Но радость подчиненных от этого не уменьшилась – так и так дуван[15] что надо! Вдобавок пришла Рита, маруха атамана, и принесла корзину с пивом, водкой и закусками.

– Гуляй, пехота, – разрешил Хряк и первым налил себе стакан водки.

Банда не заставила просить себя дважды, и началось веселое застолье.

А между делом «иван» сунул Георгию в кулак две четвертных:

– Хорошо придумал, вот тебе премия. Сегодня прячемся, отдыхаем, а завтра можешь пройтись по веселым заведениям. Токмо к вечеру чтобы был здесь.

6

Люди Хряка гуляли чуть ли не до утра. Ратман пил в меру и больше присматривался к своим новым сослуживцам, как он их мысленно прозвал.

Мысли о будущем, разумеется, не отпускали оперативника. Но, как бы парадоксально это ни звучало, они становились менее актуальными. Ведь он потихоньку становился своим здесь. И от того, как он ведет себя в настоящем (прошлом; во сне; в бреду – нужное подчеркнуть), зависело все остальное.

И все больше в 1912-м его начал интересовать Лодыга. Тот охотно согласился перерезать провод, чтобы не калечить городового. И задачу в ограблении взял самую безопасную. С чего бы это? Гуманист или трус? Сомнительно. Последнего в банду не взяли бы – атаман ушлый, бывалый. И помощник у него хват, давно ходит в деловых. Тогда что?

Вот если бы он, Ратманов-Бурлак, был опером у Кошко – ну, чиновником для поручений, то внедрил бы в банду своего осведомителя. И велел бы ему вести себя именно так: крови не лить и удерживать от этого других подельников. А самому в активных акциях участвовать в пассивной роли, наподобие как стоять на стреме.

Выводы? Лодыга – стукач? Для такой радикальной оценки данных все же маловато. Как говорили прежде, оставим парня в сильном подозрении и будем наблюдать…

Или вот Рита. Лет двадцати трех, симпатичная, не накрашенная, не наглая. Вроде из простонародья, даже кто-то сказал, что с печально знаменитой бандитской Хитровки. Но держится как дама, видимо, получила приличное образование, несмотря ни на что… Как-то у Путилина с Кошко в мемуарах любовницы атаманов выглядели иначе. Когда Хряк при всех лапал ее за грудь, она не вырывалась, но морщилась – ей это было неприятно.

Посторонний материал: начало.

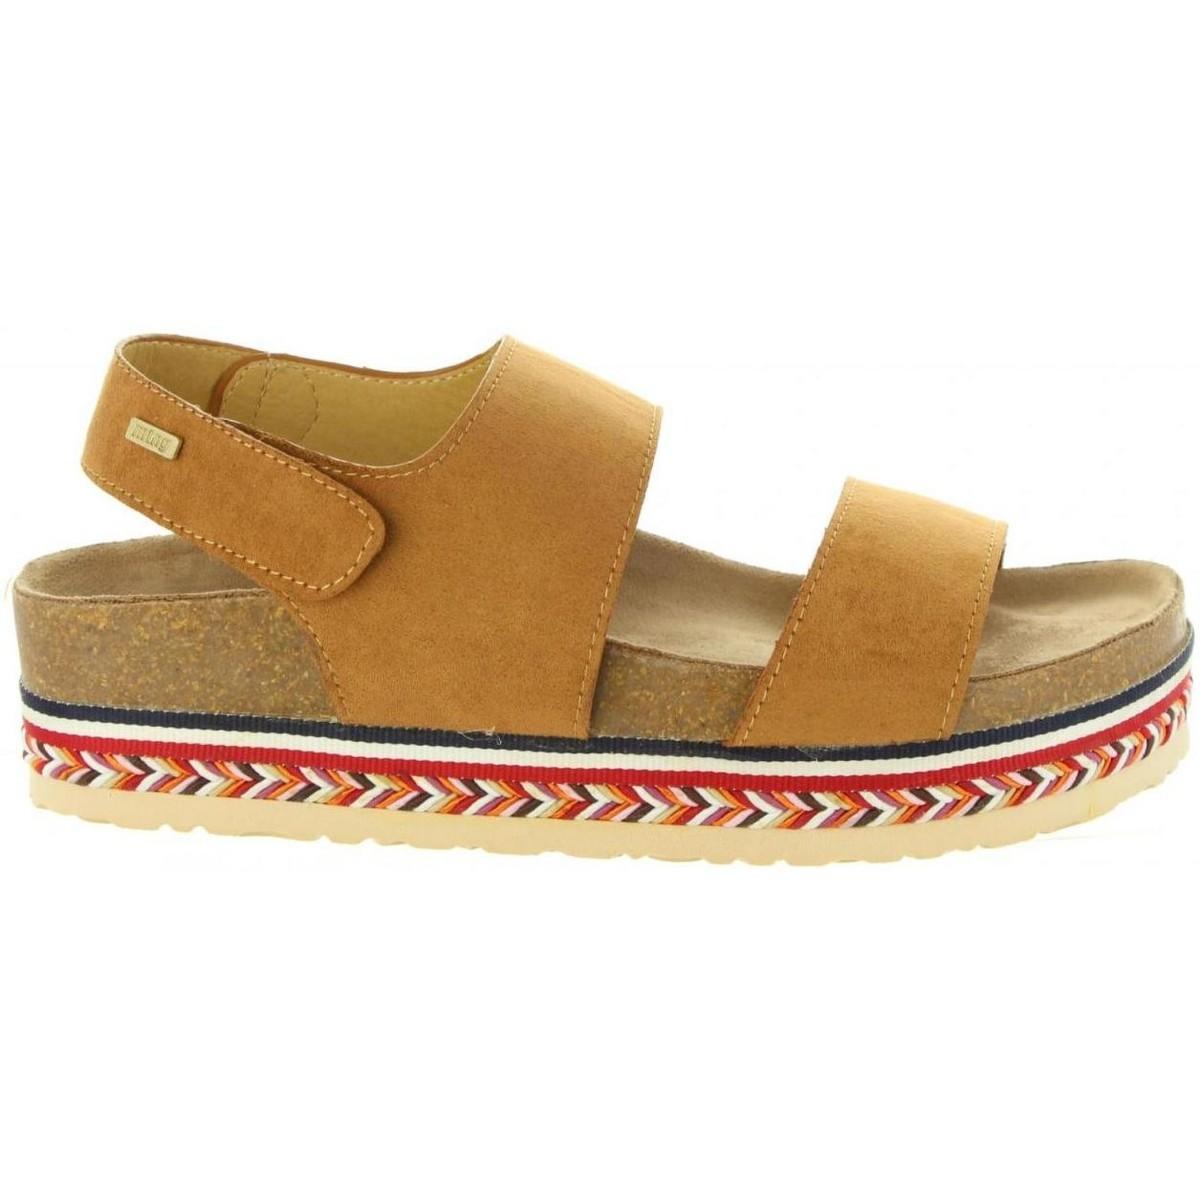 MTNG 50898 LAVONNE Marrón - Chaussures Sandale Femme

Кстати, подвыпив, «иван» рассказал марухе, что грант прошел удачно благодаря подсказкам Гимназиста, который всего два дня назад принял на себя жандармскую пулю, предназначенную атаману. Рита после таких слов посмотрела на Георгия по-особенному, и потом еще несколько раз он ловил на себе ее заинтересованный взгляд…

Черт, этого только не хватало! Или ему казалось, или он нравился Рите? Но, если это увидит атаман, можно и на ножик налететь…

7

Утром попаданец встал свежий как огурчик, тогда как все остальные долго просыпались, а потом столь же долго опохмелялись.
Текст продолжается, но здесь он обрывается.